BEGIN Data below

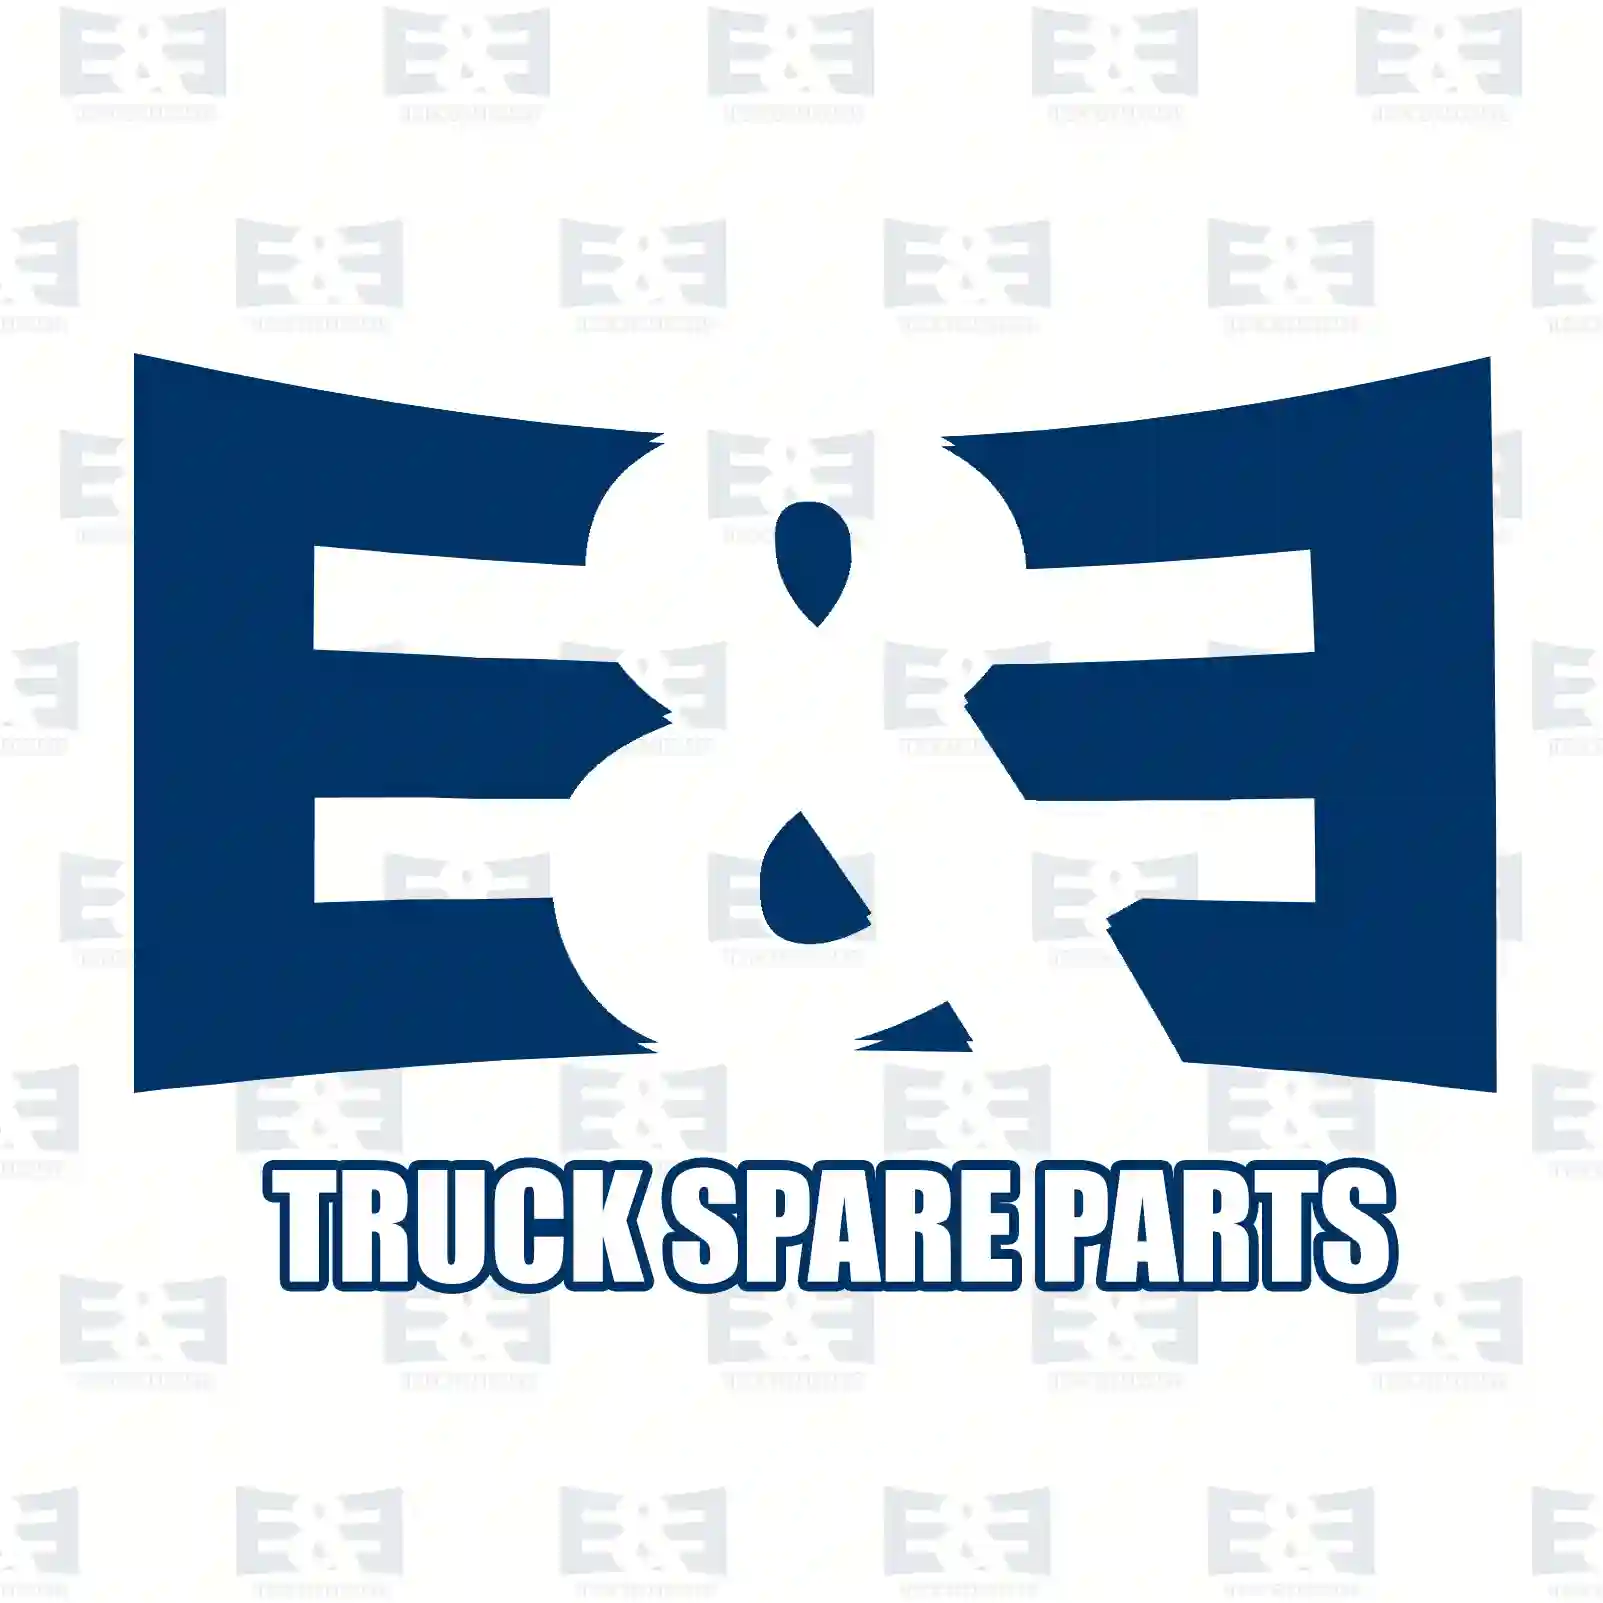 Cabin shock absorber, 2E2275083, 9603106955, 9603109255, 9613101255 ||  2E2275083 E&E Truck Spare Parts | Truck Spare Parts, Auotomotive Spare Parts Cabin shock absorber, 2E2275083, 9603106955, 9603109255, 9613101255 ||  2E2275083 E&E Truck Spare Parts | Truck Spare Parts, Auotomotive Spare Parts
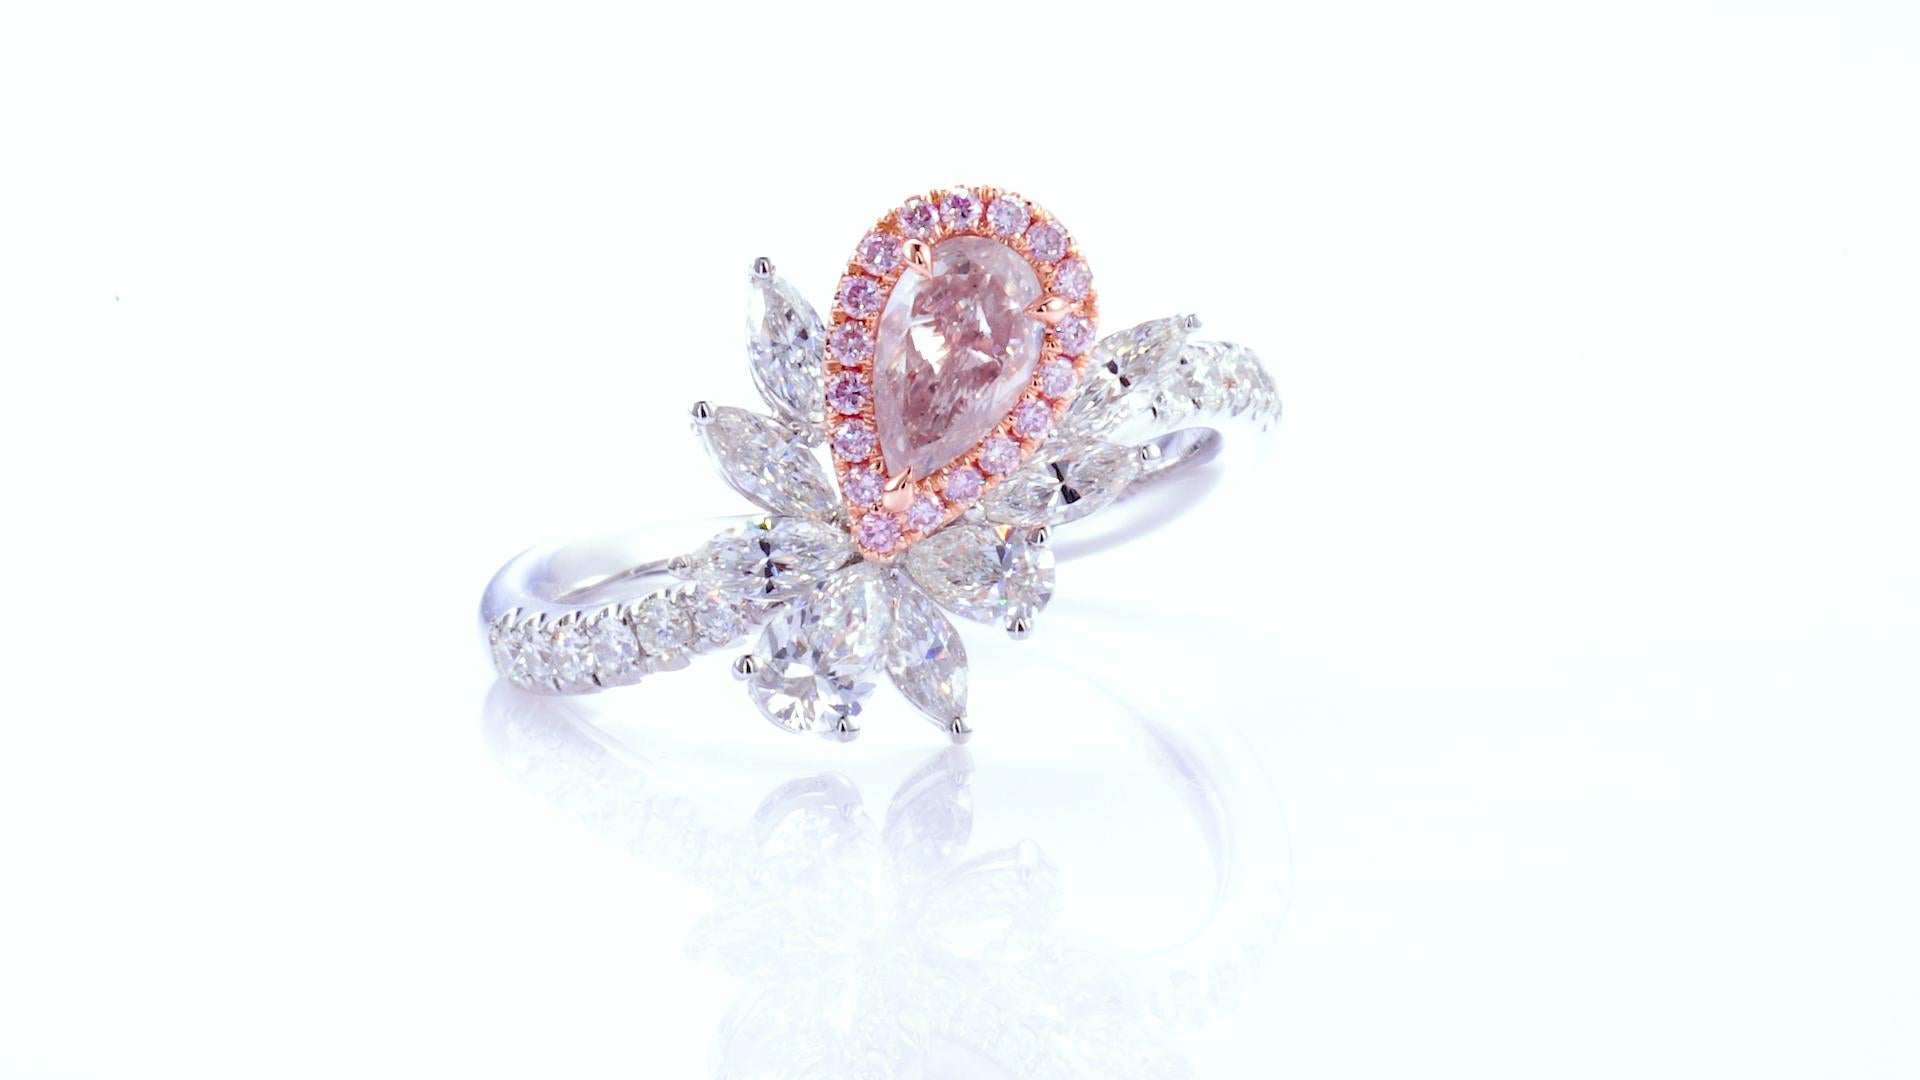 0.40ct Diamant poire de couleur naturelle rose clair certifié GIA monté sur or 18kt avec de petits diamants roses et blancs naturels. 

Cette bague en diamant rose clair serti de poires est un véritable chef-d'œuvre d'élégance et d'élégance. Réalisé

END Data below

### Task requirements
Beginning with the line that contains "0.40ct Diamant poire", output each line of the material above through the last one exactly as it stands. Do not include the pictures.

### Output
 0.40ct Diamant poire de couleur naturelle rose clair certifié GIA monté sur or 18kt avec de petits diamants roses et blancs naturels. 

Cette bague en diamant rose clair serti de poires est un véritable chef-d'œuvre d'élégance et d'élégance. Réalisé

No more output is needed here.